The woman on the other side of the counter smiled and said, “Clarence isn’t here today.”
“That’s fine,” Lucas said. “I’m here to pick up the War Dog Top Hat.”
“Oh! You’re the one,” she said. “I have a message for you.” She picked up a piece of paper addressed to him and passed it to him.
He opened the note, scanned it quickly and frowned. “Clarence gave Top Hat to somebody else? Even though he knew I was coming from the US government’s War Dogs division?”
The woman looked worried. “Are you actually here on behalf of the US government?”
Lucas drew himself up to his full height. “I specifically said we were here at US Commander Cross’s request to track down this dog.”
“The dog went nuts,” she said hurriedly. “He started attacking everyone. As it happened, we had one of the better dog trainers in the area here, and he said he would take him until you got here.”
At that Lucas seemed to relax. “Where is Top Hat? I can pick him up right now.”
She pointed to the bottom of the letter. “There’s a phone number.”
Lucas pulled out his phone and dialed the number.
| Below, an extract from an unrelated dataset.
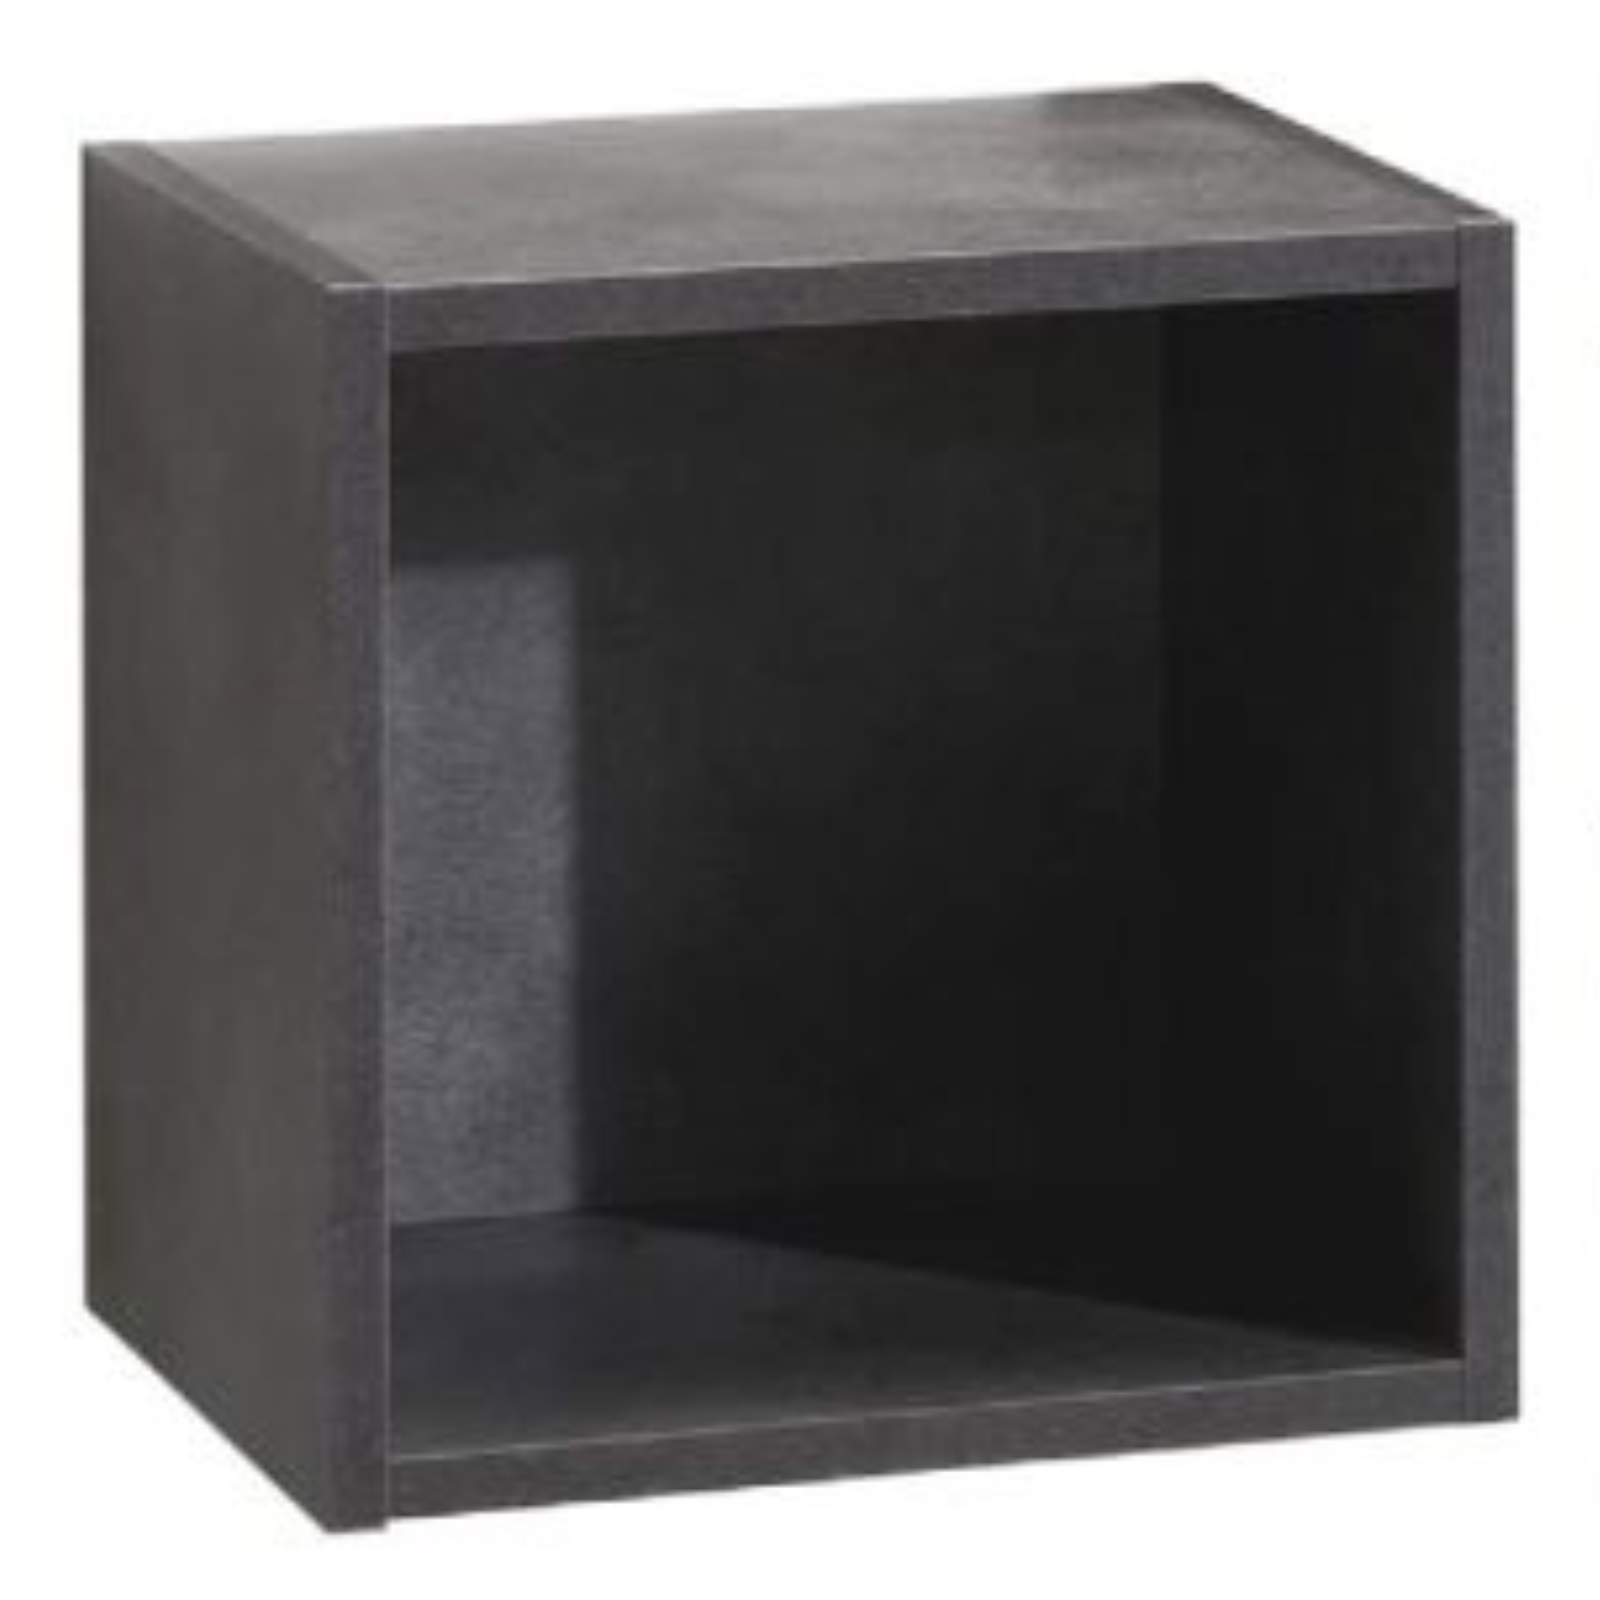 Pensile a giorno cubo set 3 pezzi in nobilitato truciolare rivestito effetto finitura legno cemento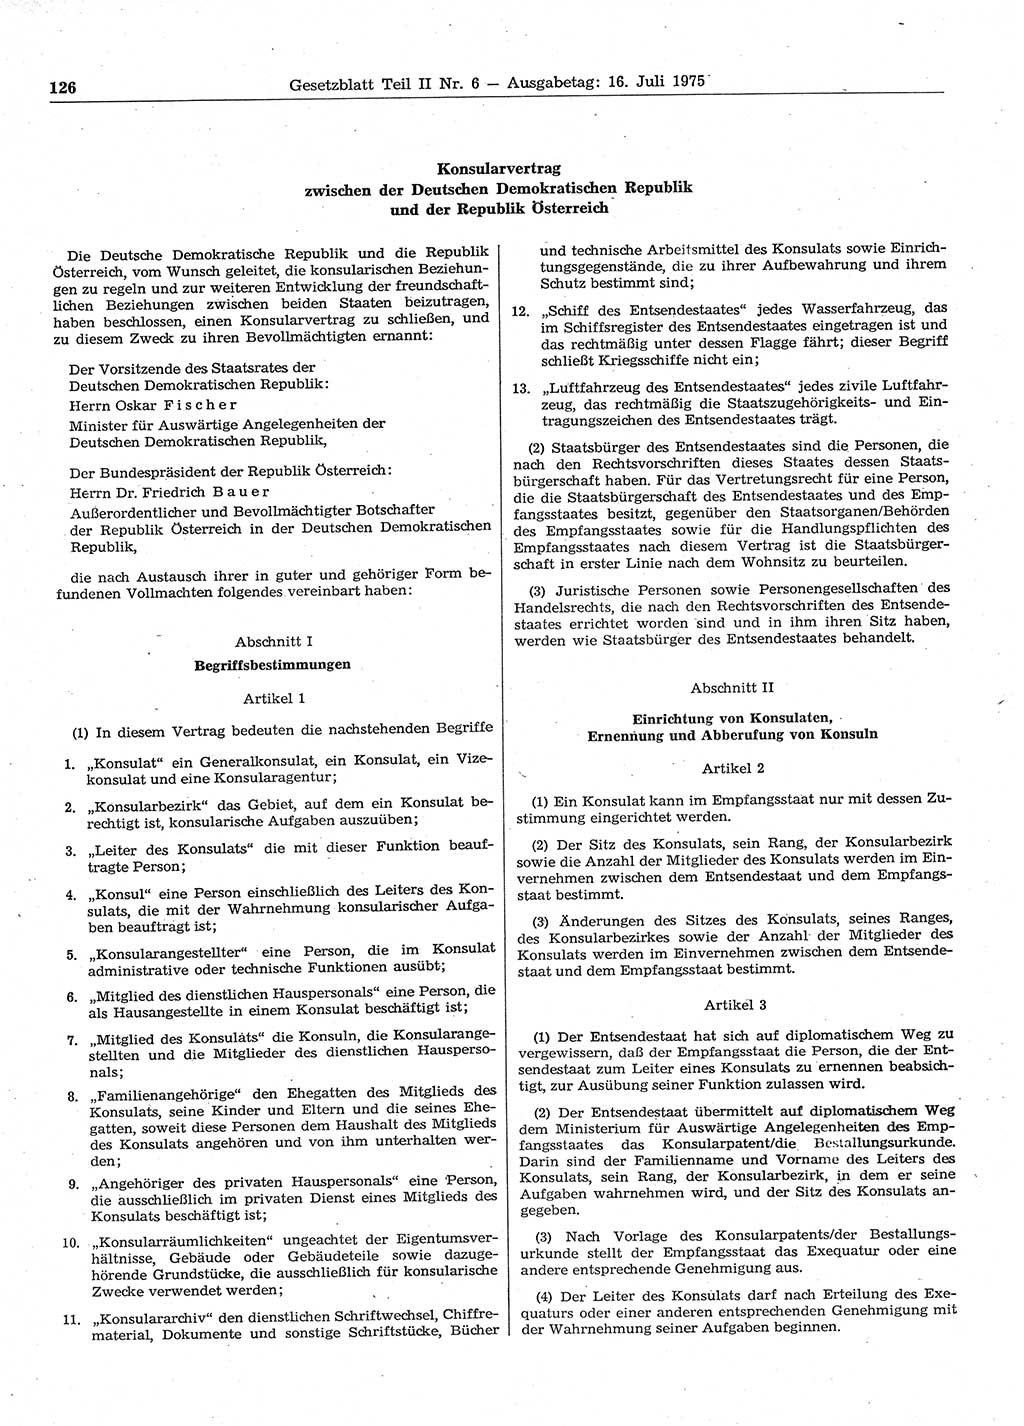 Gesetzblatt (GBl.) der Deutschen Demokratischen Republik (DDR) Teil ⅠⅠ 1975, Seite 126 (GBl. DDR ⅠⅠ 1975, S. 126)

As it rang, he asked the woman before him, “When did he pick up the dog?”
“Two days ago.”
Tanya stood beside Lucas as he waited for someone to answer the call.
“Pull up this address please, Tanya,” Lucas said, showing her the note. “Find out how far he is from here.”
She nodded.
When someone spoke on the other end, Lucas said, “This is Lucas Scott. I’m here to pick up Top Hat, the shepherd you collected from the rescue center. I believe you’re holding him for me.”
“Well, that would be nice,” the voice said.
The lady behind the counter was close enough to hear that much. Tanya leaned in closer.
Realizing they were trying to listen in, Lucas hit Speaker and placed his phone on the counter so all three could hear.
The voice continued, “But he escaped yesterday morning. We’ve been looking for him since then.”